Windows (PowerShell):

setx OPENAI_API_KEY "your_key_here"
setx DEEPSEEK_API_KEY "your_key_here"

Restart the terminal after using setx.

7. Run an Example Workflow

python -m user_side.workflow

8. Exit the Virtual Environment

To remove the virtual environment entirely:

Linux / macOS:

rm -rf .venv

Windows:

Remove-Item -Recurse -Force .venv

Option B: Global Setup (No Virtual Environment)

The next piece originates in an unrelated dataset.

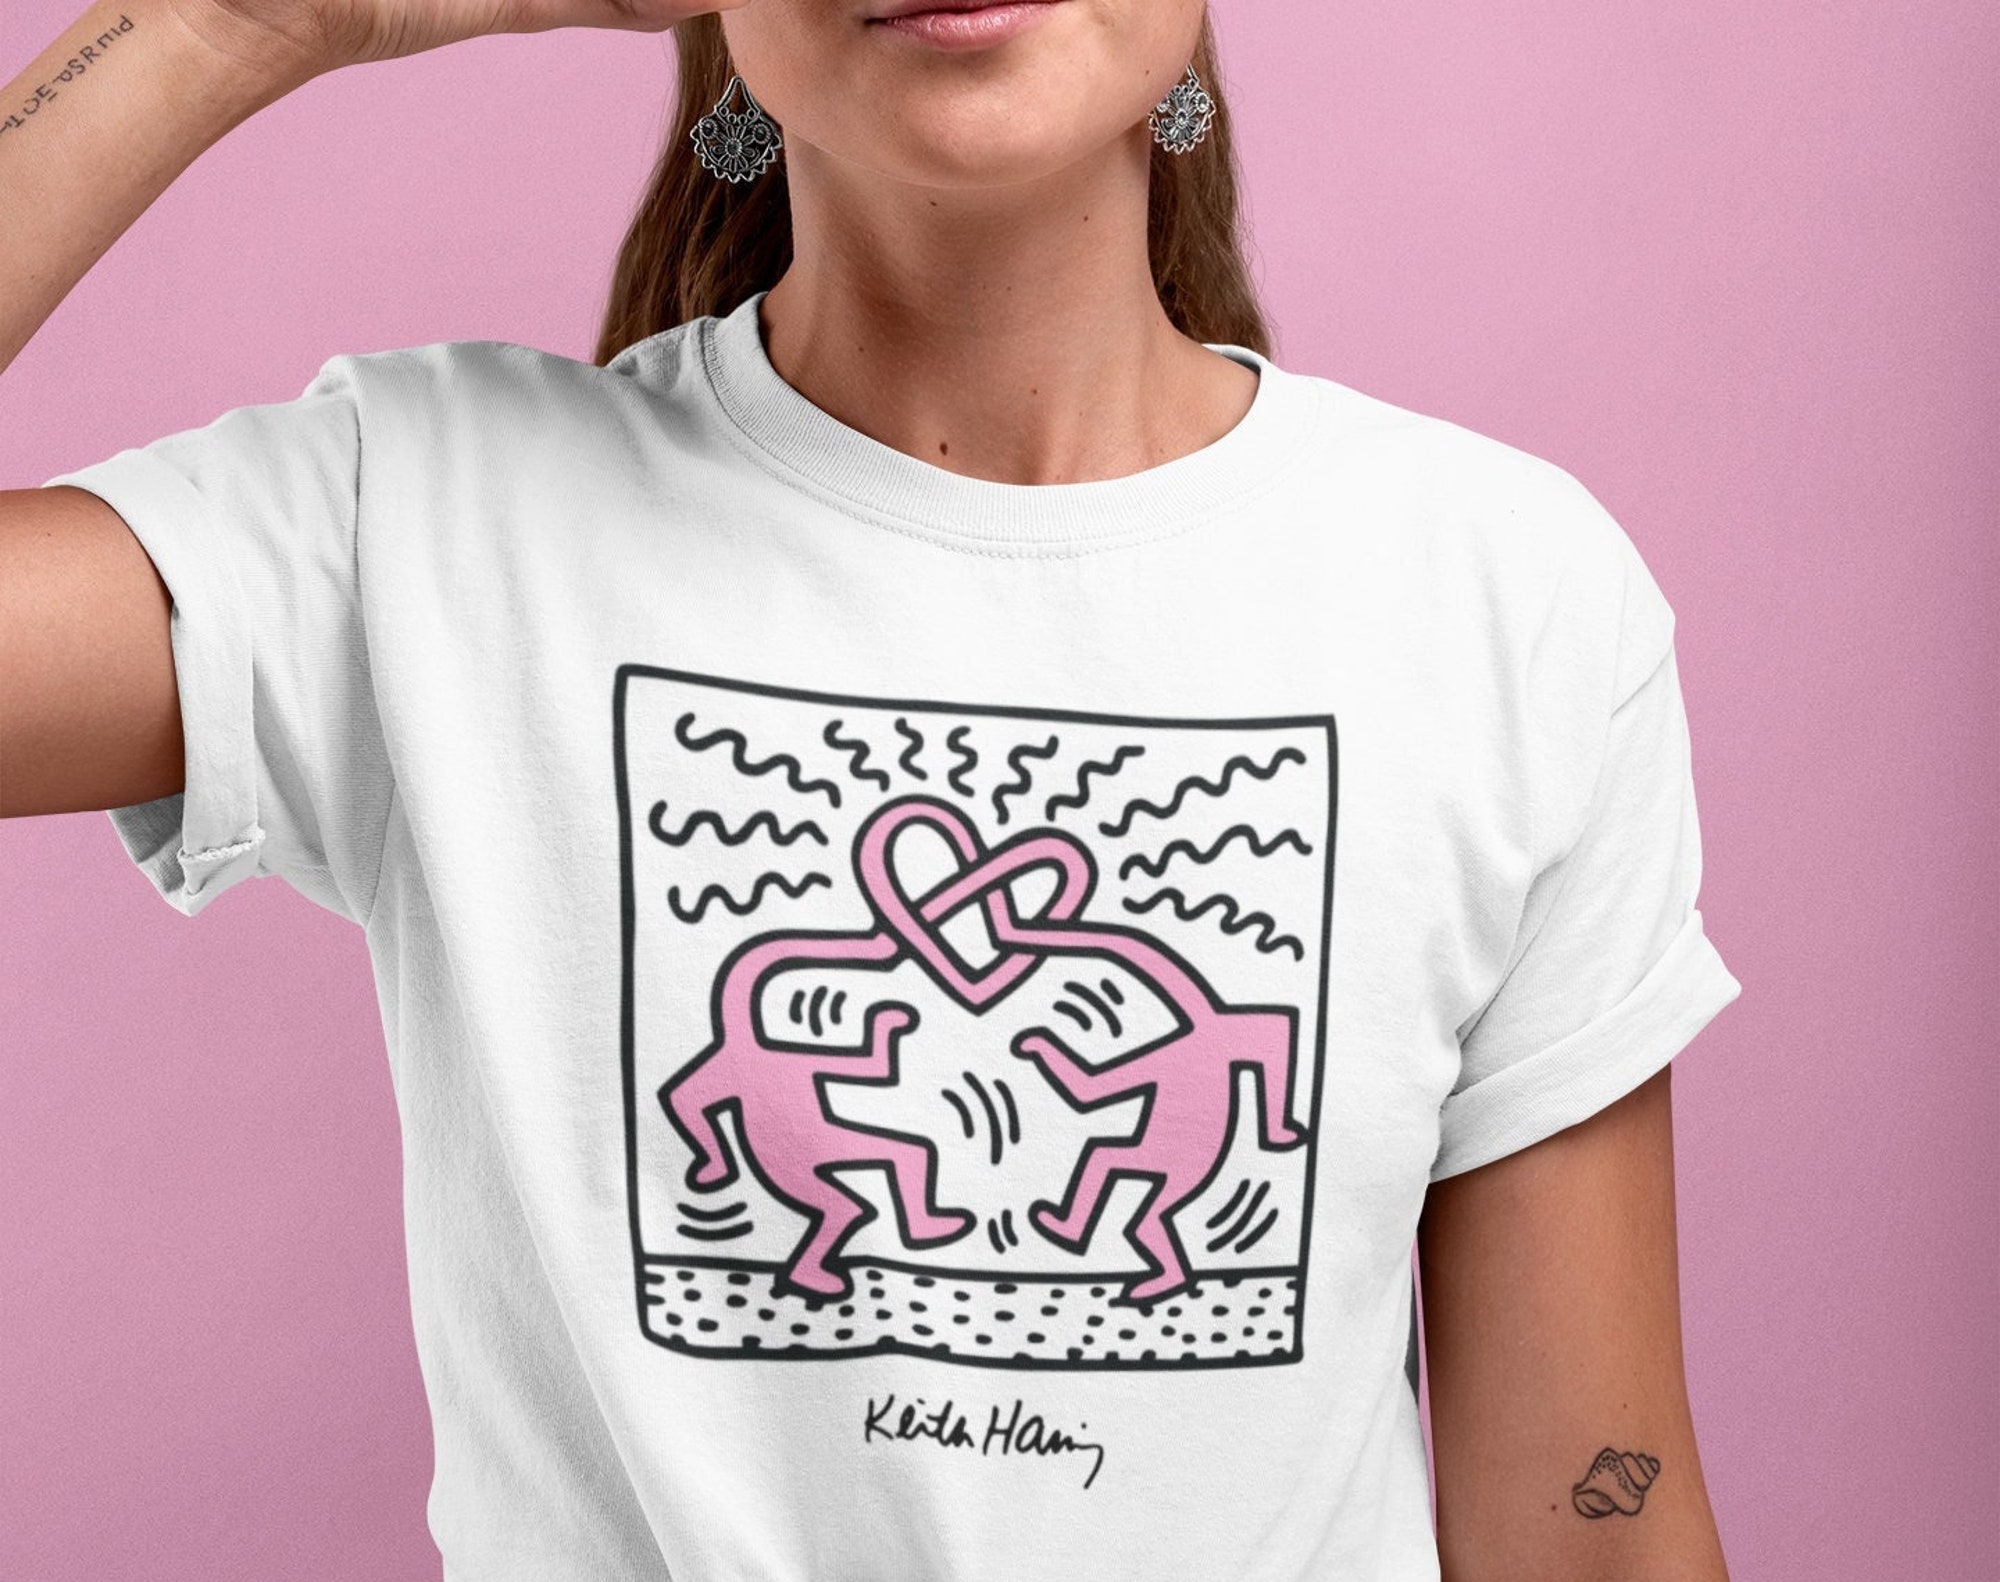 Keith Haring Shirt, Pop art t-shirt, men heart tshirt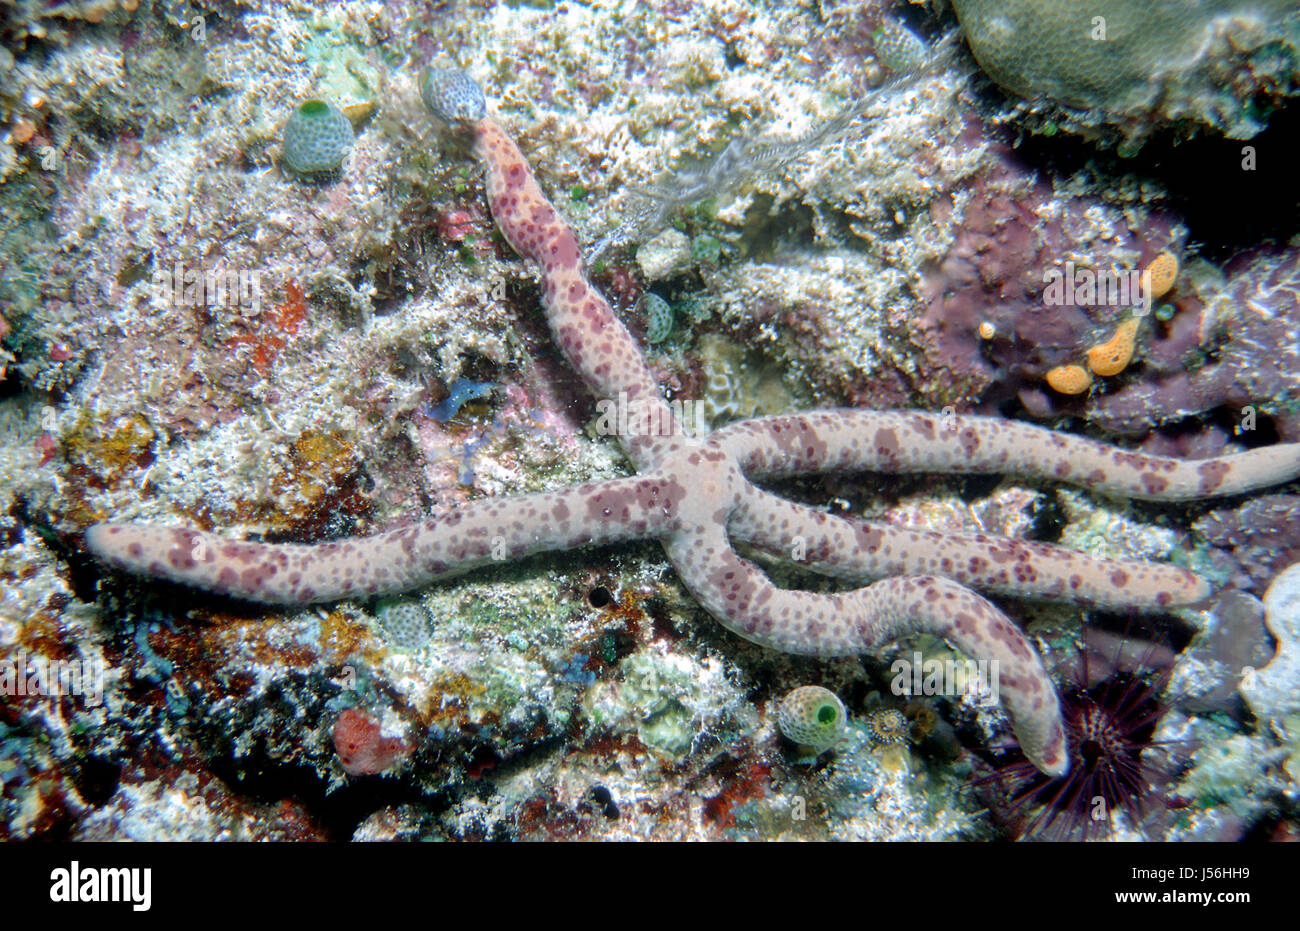 fish maldives dive pisces atoll reef sigma starfish symbiosis salt water sea Stock Photo

This option installs dependencies into the active Python environment. Recommended only for users comfortable managing global Python packages.

1. Clone the Repo

git clone https://github.com/LuckyOne7777/LLM-Investor-Behavior-Benchmark.git
cd LLM-Investor-Behavior-Benchmark

2. Verify Python Version

LIBB requires Python 3.10 or newer.

python --version

3. Upgrade pip

python -m pip install --upgrade pip

4. Install Dependencies Globally

pip install -r requirements.txt
pip install -e .

Verify installation:

python -c "import libb; print(libb.__file__)"

5. Set Environment Variables

Same as Option A.

6. Run an Example Workflow

python -m user_side.workflow

Optional: Uninstall

pip uninstall libb

Notes

Dependencies may remain installed if they were already present.

Windows users may encounter PowerShell execution policy restrictions.

Command Prompt can be used instead of PowerShell if preferred.

Execution scheduling and orchestration are intentionally left to the user.

Research Directions

LIBB is an exploratory research library, and its development is driven by ongoing areas of improvement rather than a fixed roadmap.

Areas of current interest include:

Deeper integration of performance analytics into the core workflow
Expansion of sentiment analytics across multiple data sources
Improved tooling for comparing runs and strategies over time
Expansion of config system to cover data source preferences and metric toggles
General design improvements for efficiency and code quality

To see the current roadmap for major features, check out: roadmap.md

These directions reflect current research interests and may evolve, change, or be abandoned as the project develops.